Prove that there is a unique Sylow $11$-subgroup of $G$, and consider the action of $G$ on the Sylow $11$-subgroup by conjugation.
Check out the post “Sylow’s Theorem (summary)” for a review of Sylow’s theorem.
Proof.
We first claim that there is a unique Sylow $11$-subgroup of $G$.
Let $n_{11}$ be the number of Sylow $11$-subgroups in $G$.
By Sylow’s theorem, we know that
\begin{align*}
&n_{11}\equiv 1 \pmod{11}\\
&n_{11}|21.
\end{align*}
By the first condition, $n_{11}=1, 12, 23 \cdots$ and only $n_{11}=1$ divides $21$.
Thus, we have $n_{11}=1$ and there is only one Sylow $11$-subgroup $P_{11}$ in $G$, and hence it is normal in $G$.
Now we consider the action of $G$ on the normal subgroup $P_{11}$ given by conjugation.
The action induces the permutation representation homomorphism
\[\psi:G\to \Aut(P_{11}),\]
where $\Aut(P_{11})$ is the automorphism group of $P_{11}$.
Note that $P_{11}$ is a group of order $11$, hence it is isomorphic to the cyclic group $\Zmod{11}$.
Recall that
\[\Aut(\Zmod{11})\cong (\Zmod{11})^{\times}\cong \Zmod{10}.\]

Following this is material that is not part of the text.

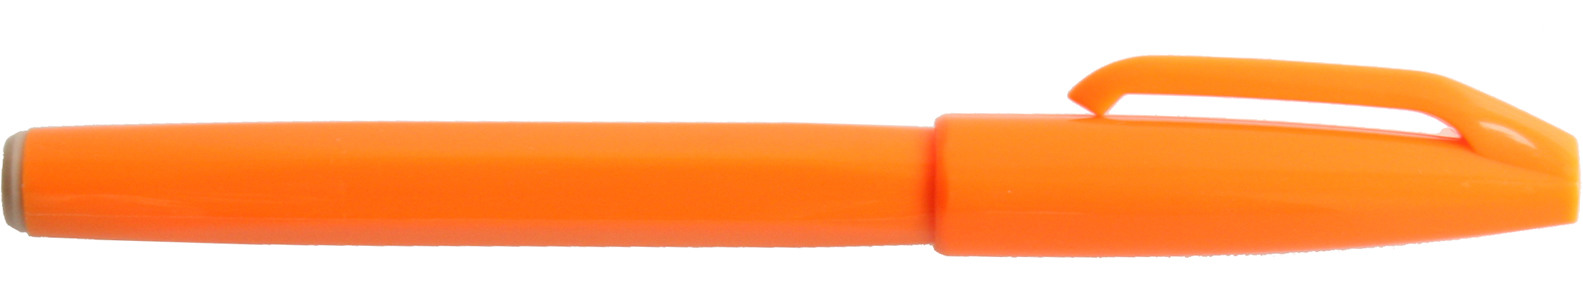 PENTEL Stylos fibre Sign Pen 2.0mm S520-F orange

The first isomorphism theorem gives
\begin{align*}
G/\ker(\psi) \cong \im(\psi) < \Aut(P_{11})\cong \Zmod{10}.
\end{align*}
Hence the order of $G/\ker(\psi)$ must be a divisor of $10$.
Since $|G|=231=3\cdot 7 \cdot 11$, the only possible way for this is $|G/\ker(\psi)|=1$ and thus $\ker(\psi)=G$.
This implies that for any $g\in G$, the automorphism $\psi(g): P_{11}\to P_{11}$ given by $h\mapsto ghg^{-1}$ is the identity map.
Thus, we have $ghg^{-1}=h$ for all $g\in G$ and $h\in H$.
It yields that $P_{11}$ is in the center $Z(G)$ of $G$.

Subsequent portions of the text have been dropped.